# Americans are locked out of more than 6.35 million acres of Public Land



## onX Hunt

Did you know Americans are locked out of more than 6.35 million acres of Public Land? Landlocked lands are defined as state-managed lands that cannot be accessed directly from a public road (direct access) and cannot be accessed via adjoining public
land by way of a public road (indirect access). Throughout 2019, we have been working with the Theodore Roosevelt Conservation Partnership (TRCP) to identify the extent of the landlocked problem and potential solutions of how to help make improvements. You can read more about what we have found at the link below. What are your thoughts? 

https://www.onxmaps.com/blog/onx-and-trcp-partner-to-highlight-inaccessible-state-lands?utm_source=forum&utm_medium=organic-feed&utm_campaign=trcp-2019


----------



## soldierarcher

My family and I do not acknowledge anything west of the Mason Dixon line. lol, just kidding I do have family that lives in the very Blue state of California. Needless to say their hunting sucks! 

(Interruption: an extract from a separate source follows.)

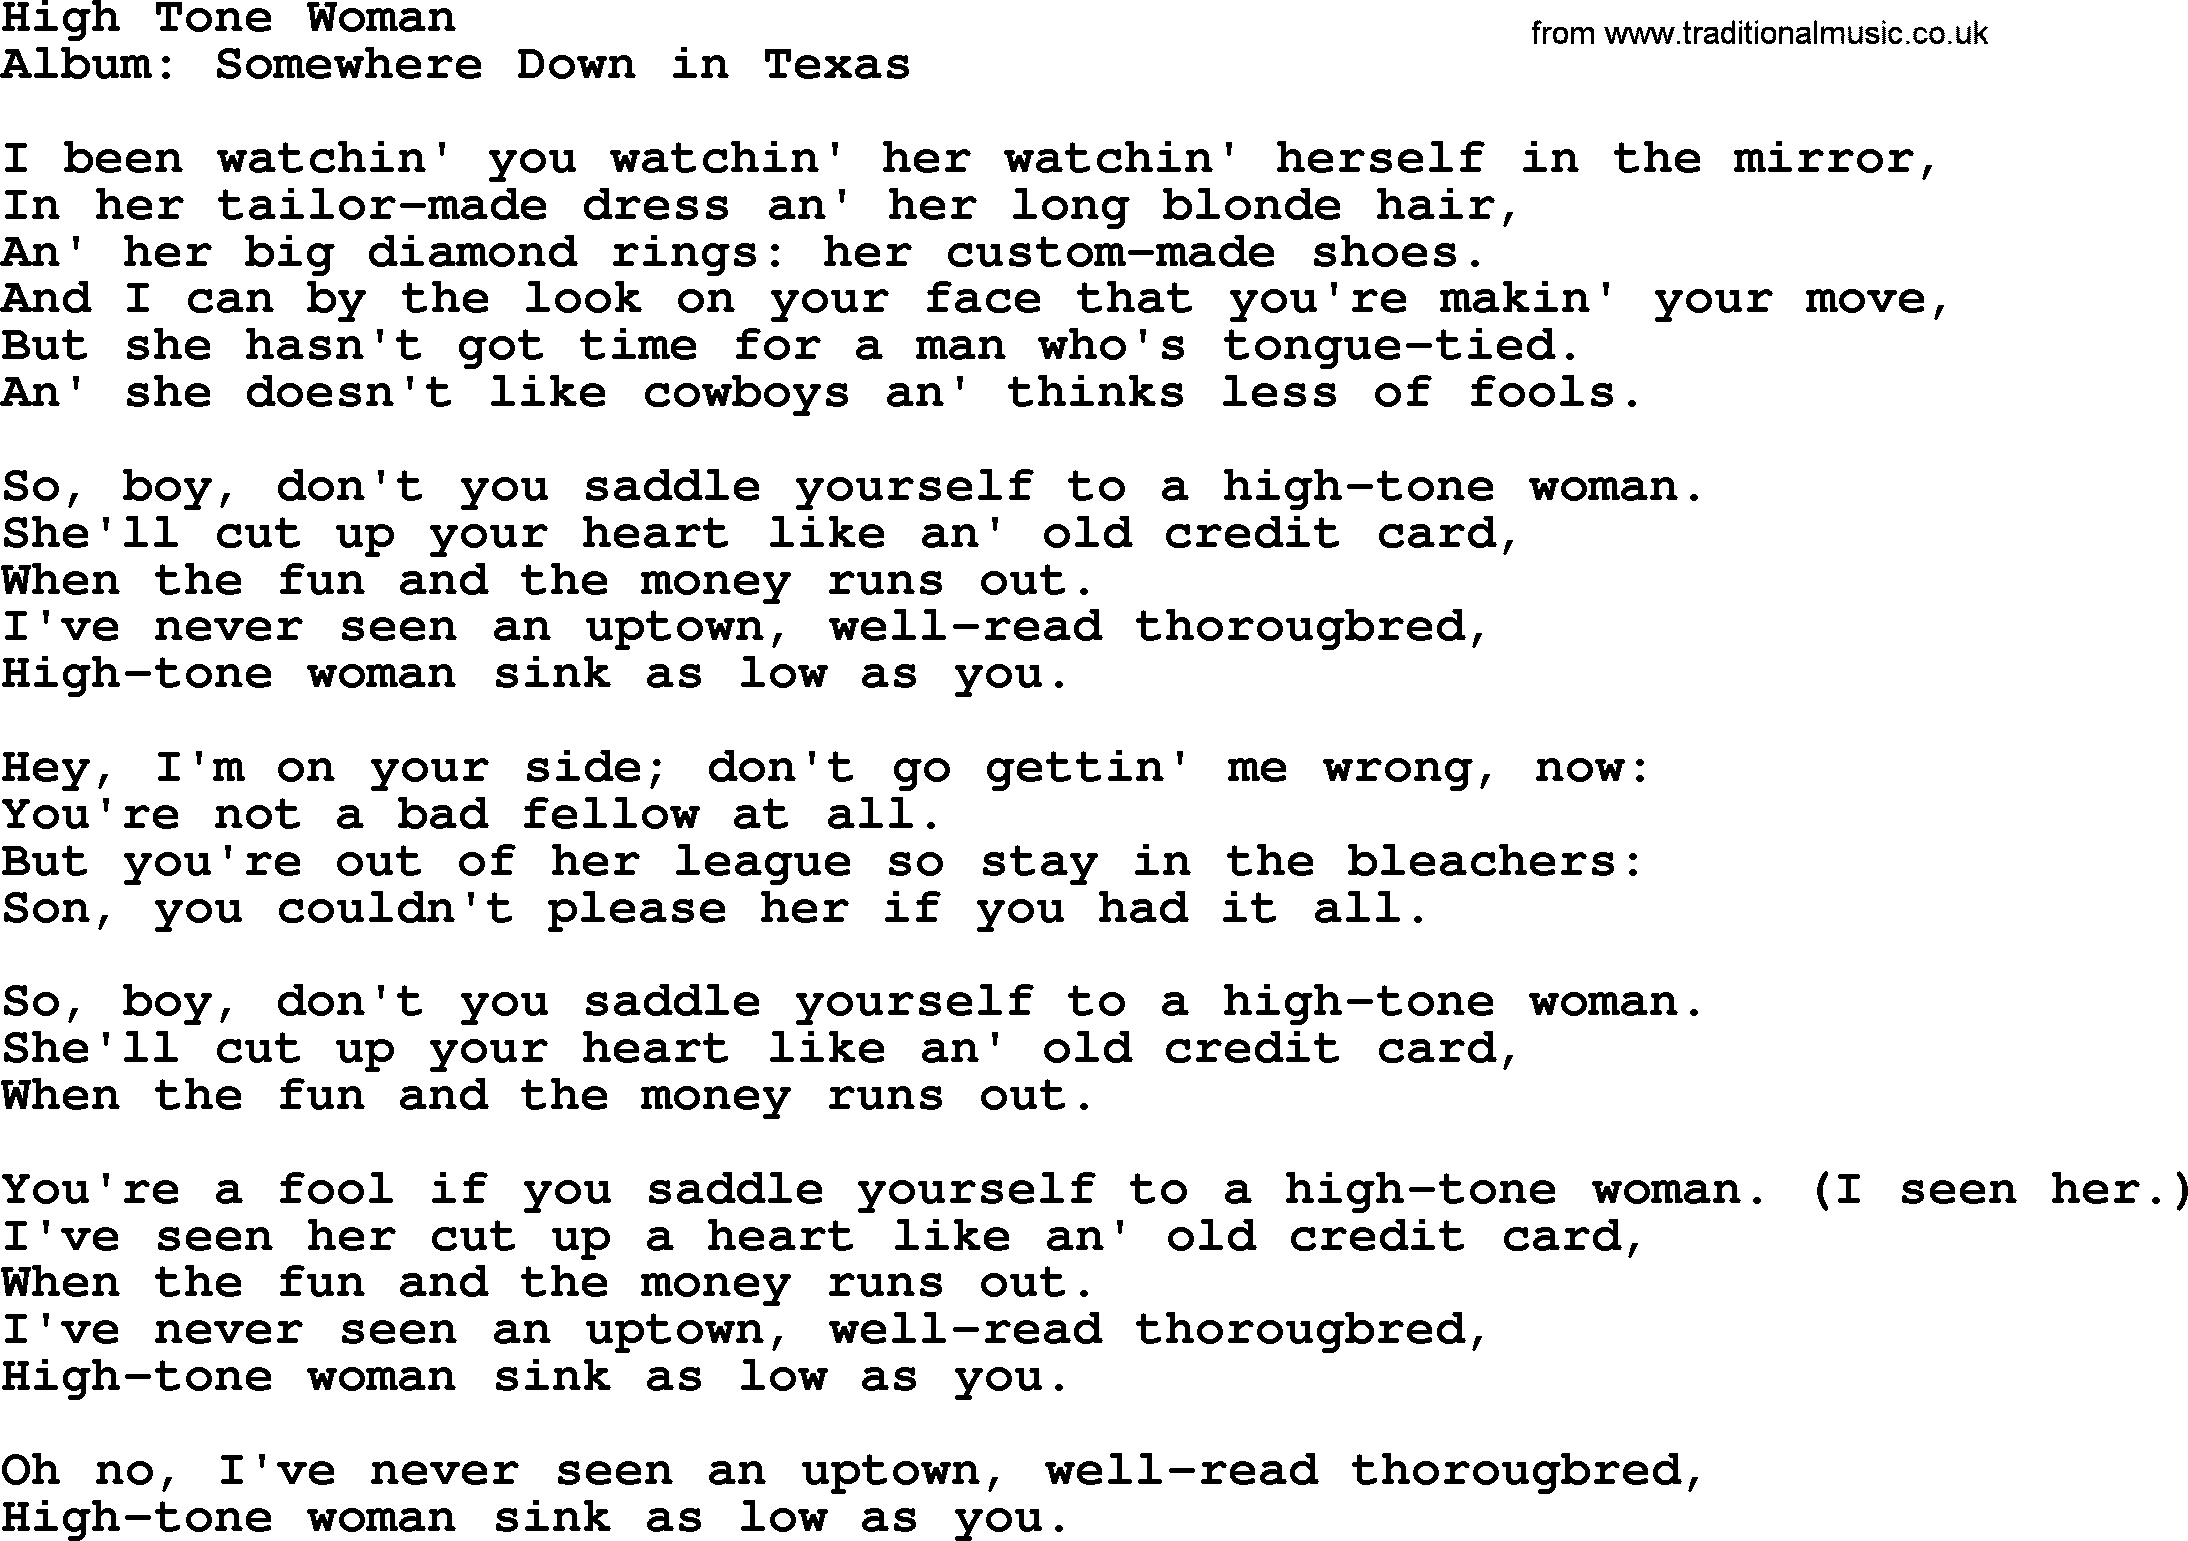 George Strait song: High Tone Woman, lyrics

I really don't care for the OnX Hunt app either. Not kidding here. Your business practices are questionable. I tried your app a year or two ago. Paid the app fee and decided I didn't need the app. Then your charge AUTOMATICALLY showed up on my iTunes account the next year. That's a "NOGO" ghost rider! Not cool. Had to go into iTunes to dis-able the auto subscribe from your app. Again, so not cool!


----------



## onX Hunt

soldierarcher said:


> My family and I do not acknowledge anything west of the Mason Dixon line. lol, just kidding I do have family that lives in the very Blue state of California. Needless to say their hunting sucks!
> 
> I really don't care for the OnX Hunt app either. Not kidding here. Your business practices are questionable. I tried your app a year or two ago. Paid the app fee and decided I didn't need the app. Then your charge AUTOMATICALLY showed up on my iTunes account the next year. That's a "NOGO" ghost rider! Not cool. Had to go into iTunes to dis-able the auto subscribe from your app. Again, so not cool!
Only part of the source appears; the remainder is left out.